Der Start für das E-Health-Gesetz werde laut Entwurf 2016 sein. Ab Mitte 2016 werde es möglich sein, Stammdaten zwischen Arzt und Kasse zu tauschen. Dafür sei es notwendig, alle Akteure zu vernetzen. Für 2018 sehe das Gesetz vor, die Notfalldaten, elektronische Patientenakten und Entlassungsbriefe auf der eGK zu hinterlegen.

Eine Illustration der neuen eGK und noch mehr zu Thema finden Sie hier.

Quelle:
DAZ.online, 13.01.2015
e-health.com, 13.01.2015
Ärzte Zeitung, 14.01.2015

Elektronischer Arztbrief im Testverfahren

07. November 2014 | von

Ziel des Projekts „eArztbrief“ der Kassenärztlichen Vereinigung Westfalen-Lippe (KVWL) sei, laut KVWL-Vorstand Kriedel, die Praxistauglichkeit des Briefes sicherzustellen. Mit Hilfe des elektronischen Arztbriefes wolle man die Vernetzung und Kommunikation verbessern, so der Vorstand. An dem Projekt würden etwa 300 Ärzte und Kliniken teilnehmen, die ersten hätten bereits begonnen.
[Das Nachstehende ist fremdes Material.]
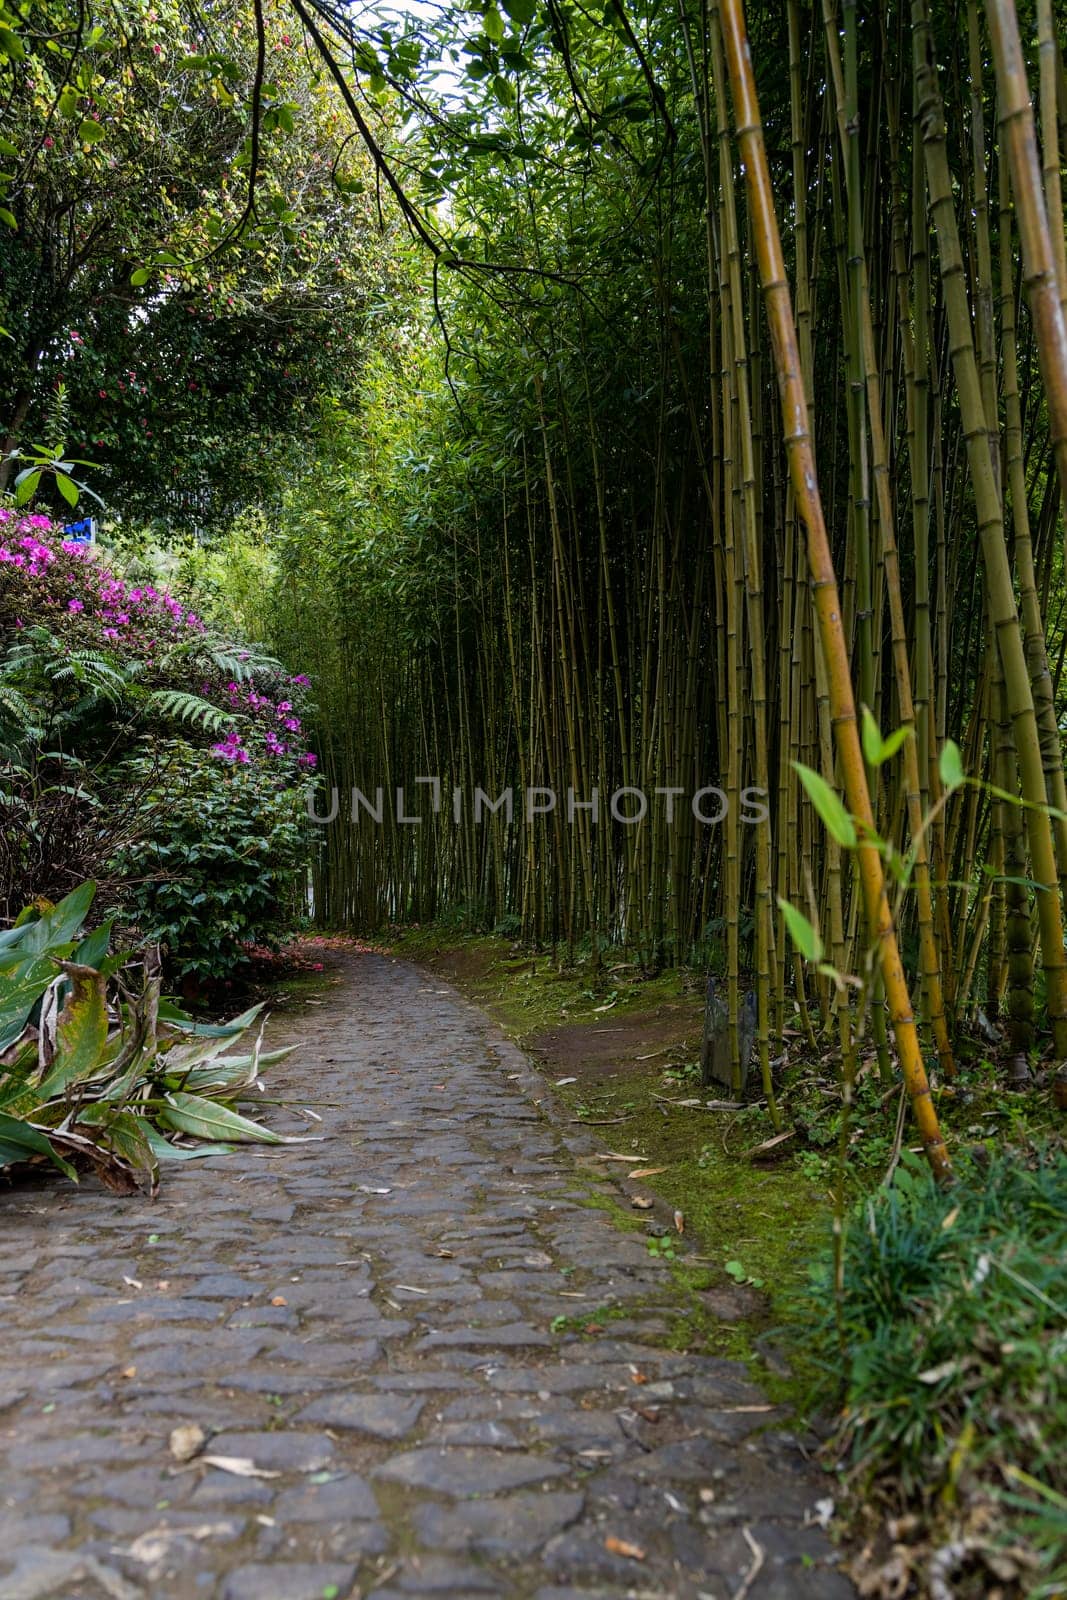 A winding pathway lined with lush greenery leads up to a bamboo forest, where bright blooming shrubs dot the picturesque landscape

Der Brief enthalte eine Kopfzeile und ein nicht änderbares PDF. In der nächsten Stufe solle der elektronische Brief direkt in die Patientenakte miteinfließen, gab Kriedel bekannt.
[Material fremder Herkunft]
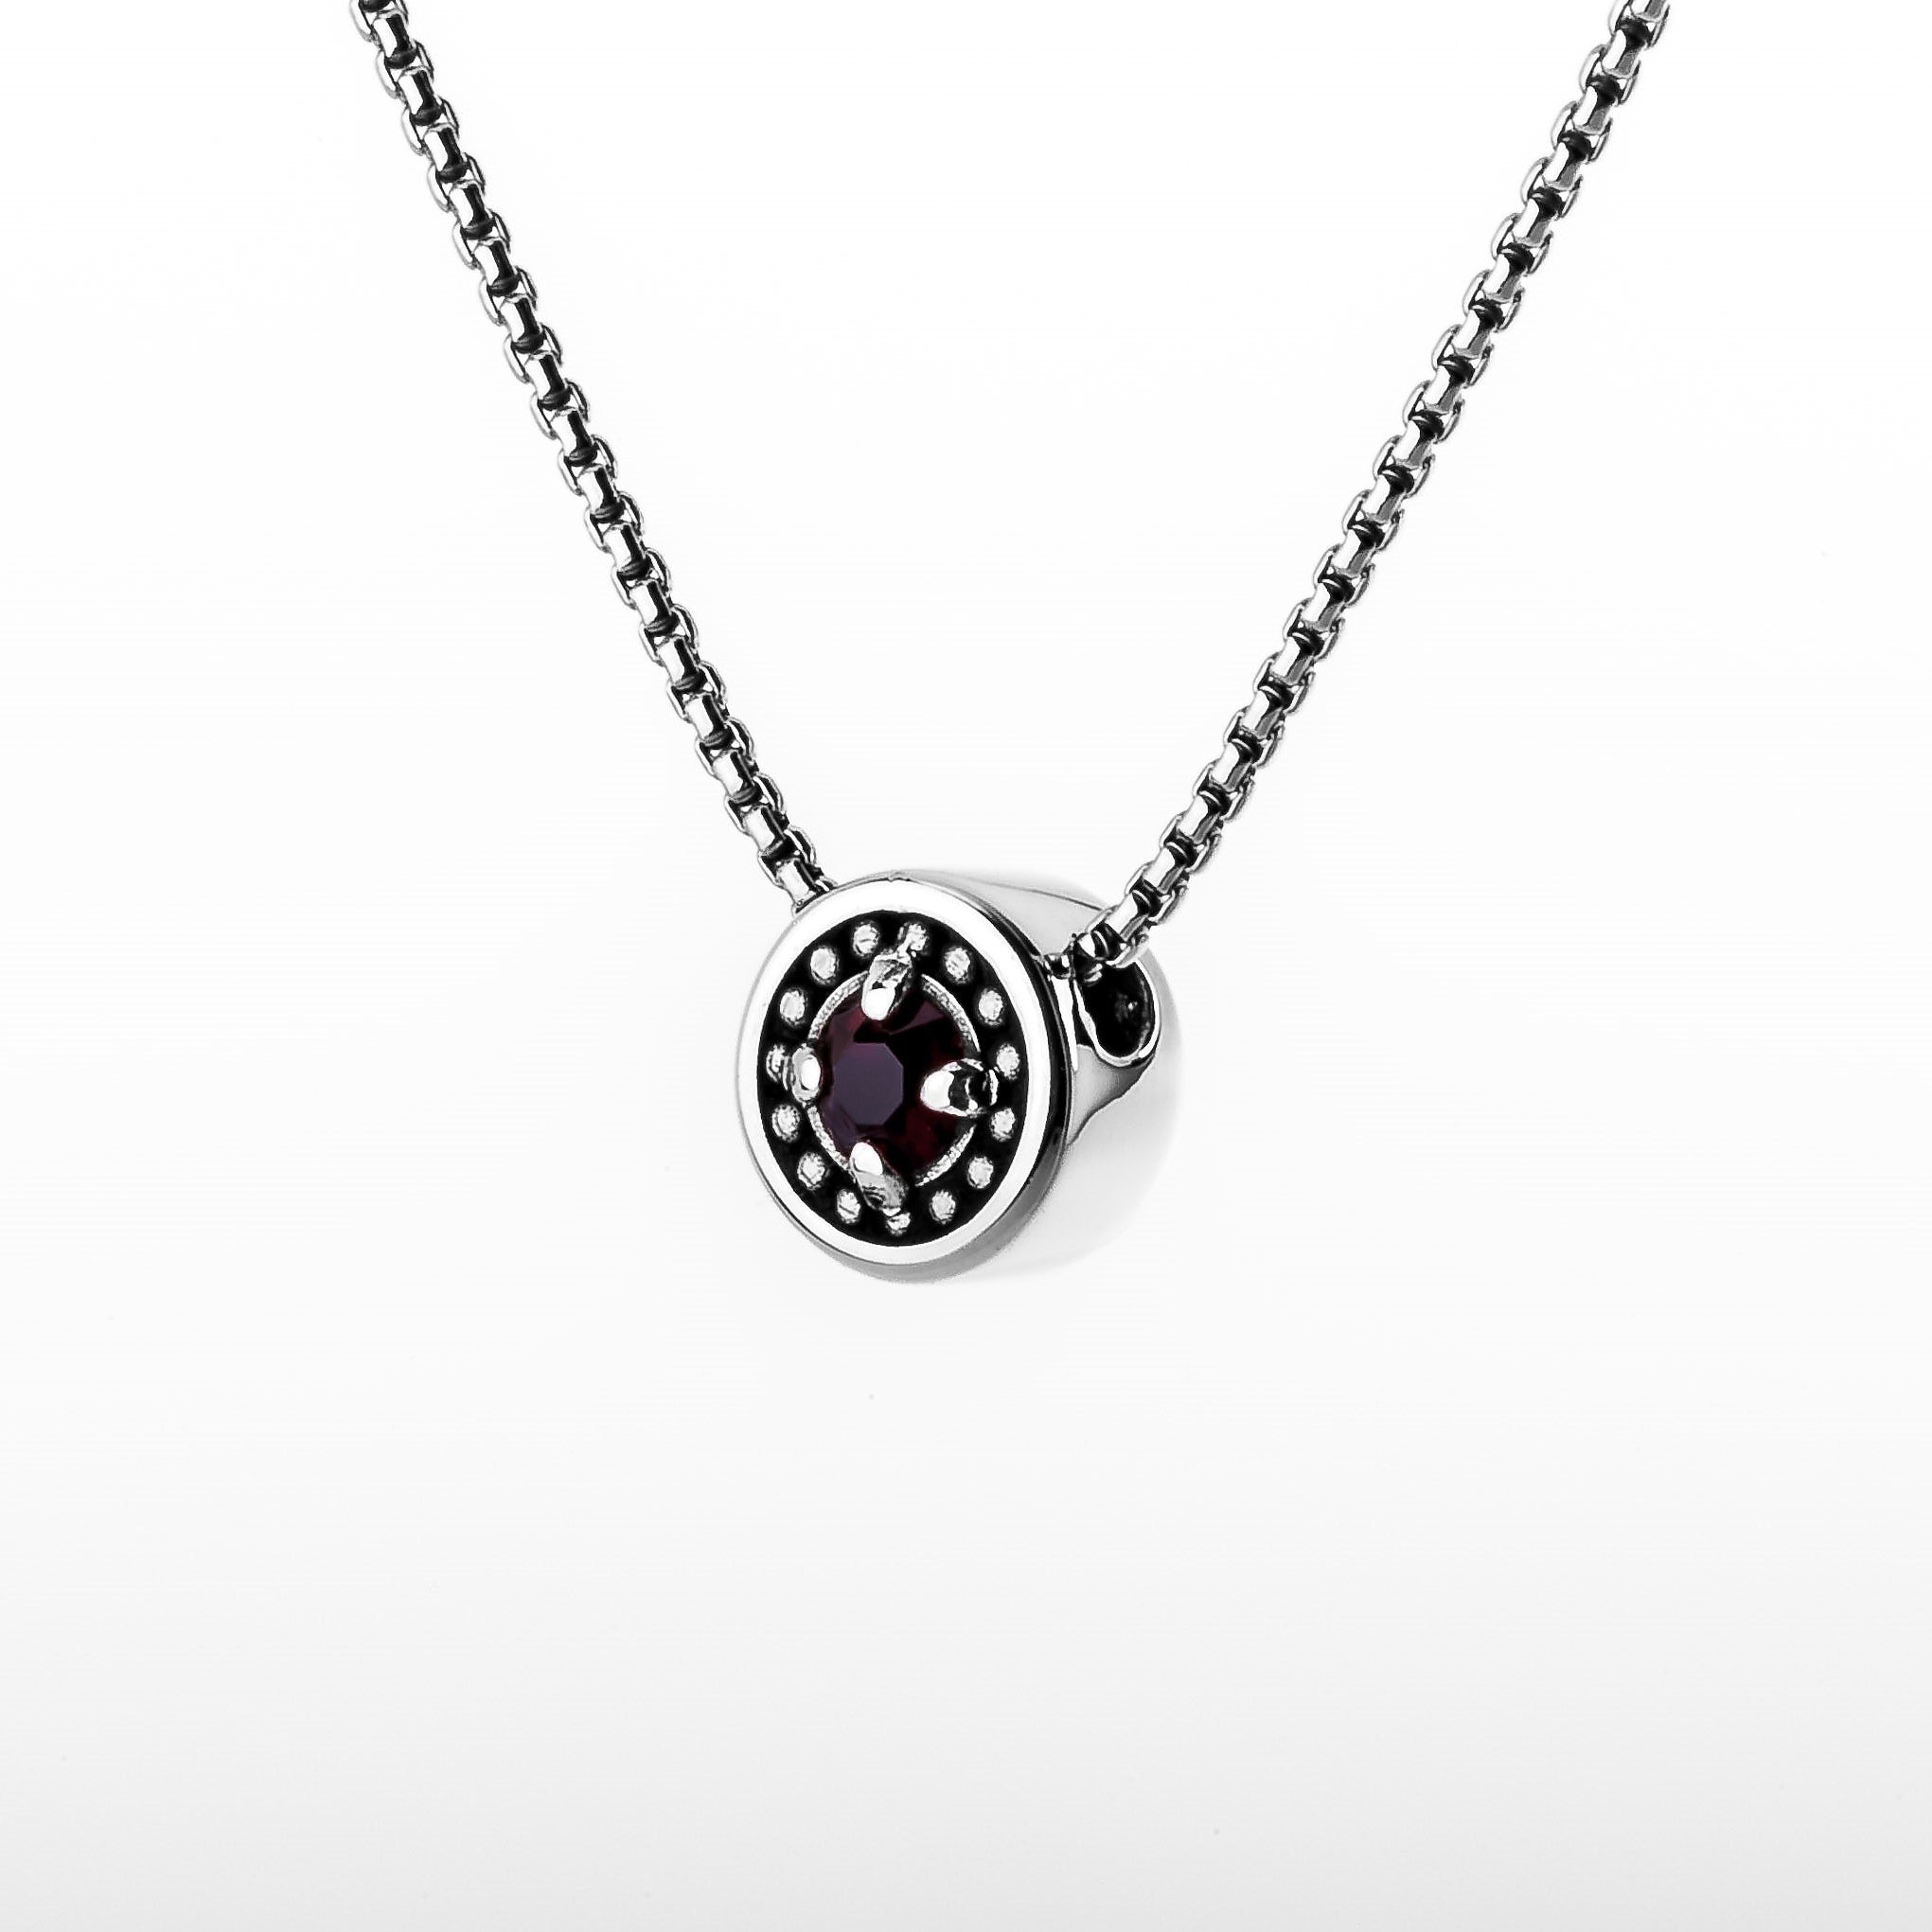 January Birthstone Necklace - The Generations "Petite"

Bewähre sich das Programm, so ziehe man in Betracht nächstes Jahr auch das elektronische Einweisungs- und Entlassungsmanagement zu testen.

Quelle:
Ärzte Zeitung, 23.10.2014

NRW plant elektronisch gestützes Einweisungs- und Entlassungsmanagement

28. März 2013 | von

Zur Optimierung des Einweisungs- und Entlassungsmanagements im Krankenhaus plant Nordrhein Westfalen ein einheitliches elektronisches Verfahren. „Der Patient ist derzeit bei seinem Weg durch das Gesundheitssystem völlig allein und unbegleitet“, kritisierte der Vorstandsvorsitzender der Kassenärztlichen Vereinigung Nordrhein (KVNo), Peter Potthoff.
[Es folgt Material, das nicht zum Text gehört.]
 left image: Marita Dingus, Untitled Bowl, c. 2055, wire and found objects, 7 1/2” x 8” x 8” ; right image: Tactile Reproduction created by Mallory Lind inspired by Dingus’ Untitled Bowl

Abhilfe diesbezüglich soll ein elektronisch unterstütztes Überleitungsverfahren schaffen, damit der Informationsaustausch zwischen ambulantem und stationärem Sektor verbessert wird.

Das System soll zunächst im Raum Düren getestet werden, wo bereits seit drei Jahren Erfahrungen mit dem elektronischen Arztbrief gesammelt werden.